A brief hiatus...and some interesting historical stuff.
I'll be on hiatus this week, but I'll leave you with a few interesting tidbits in my absence, on L.A. and ocean-themed history.
I began this Substack blog on August 10. Since that time, I’ve put out one article every weekday—on subjects ranging from climate change to modern American politics, World War II, medieval history and lots of points in between. Now comes the first break I’ll be taking since starting, and I’ve had to decide how to handle hiatuses.
I will be gone this week (Sept. 20-24) taking some much-needed R&R. For what it’s worth, here are a few totally random links to some interesting historical material that you might not otherwise come across. As I am going to the coast this week, they are all somehow related to the ocean, beaches, or coastal locations like Los Angeles.
Surf Nazis. Here is an essay that ran in the New York Times about two years ago, exploring the surprising links between the Southern California surfing culture and white supremacy. This topic came up during the course of one of our episodes of my podcast Green Screen, about the 1991 film Point Break. You wouldn’t think of surfing as being anything other than good clean fun, but unfortunately there’s a very dark edge to some parts of the sport.

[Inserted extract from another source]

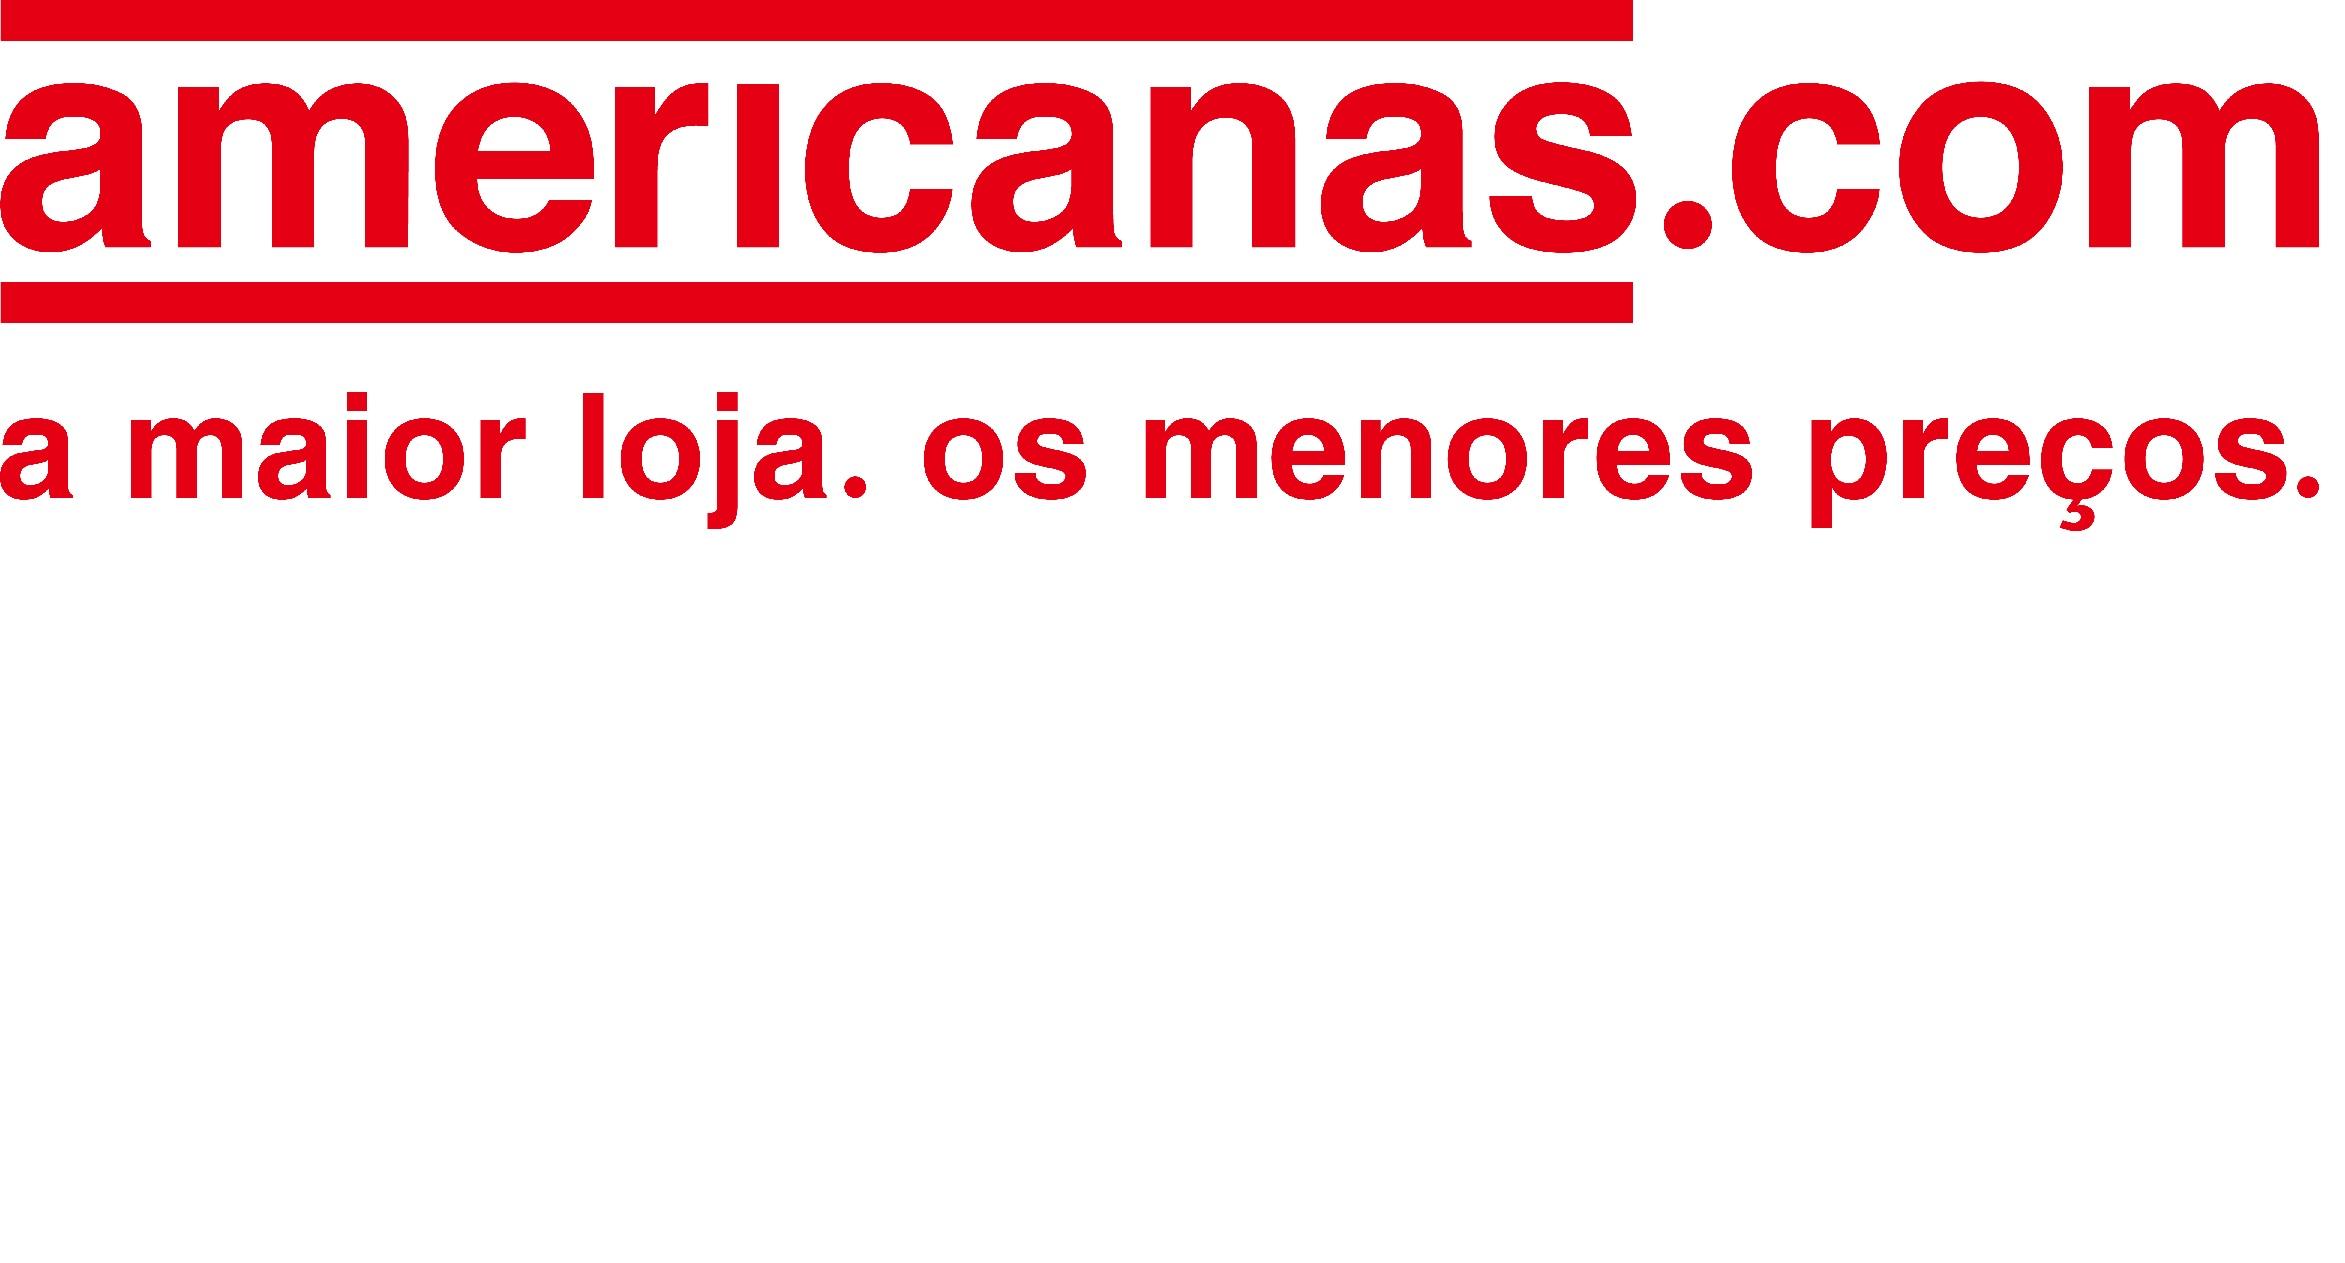 americanas_1418932840.03.jpg

Oak Island Treasure, Debunked…110 Years Ago. I am somewhat infamous among the fans of an uncommonly terrible History Channel show called The Curse of Oak Island, which posits the theory that some sort of treasure was buried on a remote island off the coast of Nova Scotia, Canada. In 2017 I did some high-profile articles and videos debunking the legend, which angered fans of the show. I hope they have some rage left over for one Henry L. Bowdoin, who wrote this article, published in Collier’s Magazine in 1911, in which he stated how and why we know that there is, in fact, no treasure on Oak Island and never was. Bowdoin was the chief engineer on a 1909 treasure hunt to Oak Island, in which a young Franklin D. Roosevelt participated. If you read the article linked there, you’ll understand not only why this hunt failed to find any treasure, but how they definitely would have found something if there was anything there. No fan of the modern Oak Island show has ever had any substantive response to this 110-year-old article.
An Automobile Club’s 1938 Plan to Ruin Los Angeles. In 1938, an organization called the Automobile Club of Southern California put forth a plan for the “renewal” of Los Angeles, which involved the building of large-scale “elevated motorways”—we call them freeways—all over the city. Their plan was published in a June 1938 issue of the Los Angeles Daily Mirror, archived here. This astonishing plan includes, quite explicitly, the use of building auto-centered highways as a tool of ethnic cleansing, by punching freeways through the heart of “blighted” neighborhoods, which is a euphemism for places where people of color lived. This evidence came to light in my research for recent Green Screen podcast episodes on the films Who Framed Roger Rabbit and Chinatown. As you’ll see, the plan was, unfortunately, followed largely to the letter, resulting in the ghastly nightmare of freeways that Los Angeles is today.
The Rise and Fall of Pacific Ocean Park. Just in case you need a little more SoCal history, here is a fascinating article about the short-lived heyday of a seaside attraction off Venice Beach called Pacific Ocean Park. Built in 1958 by CBS and a consortium of developers, POP, as it was known, was intended to compete with Disneyland, and actually did—for one day, its opening in July 1958. Urban renewal projects in the 1960s choked off freeway access to POP and it closed in 1967, becoming a decaying hulk of a wooden pier that finally burned down in 1975. The video embedded above is a retrospective of some happier times at POP, which, given its timing, was evidently formative among Baby Boomers who lived in the L.A. area. I found these materials also while doing an episode of Green Screen, and it’s too cool not to share.
Don’t Buy Artwork on a Cruise Ship. In the heyday of the transatlantic ocean travel, especially the 1920s and 1930s, there were numerous scammers and hucksters afloat who took unique advantage of oceangoing passengers. They’re gone, but now there’s a new legion of scammers afloat, and some of them sell spurious works of “art” on cruise ships all over the world. This article from Bloomberg gets inside the strange world of cruise ship art auctions and why they’re problematic. This is material I found while doing research for a potential future novel I’m writing, set at sea.
I hope you enjoy the week. Thanks to all who read and share my work.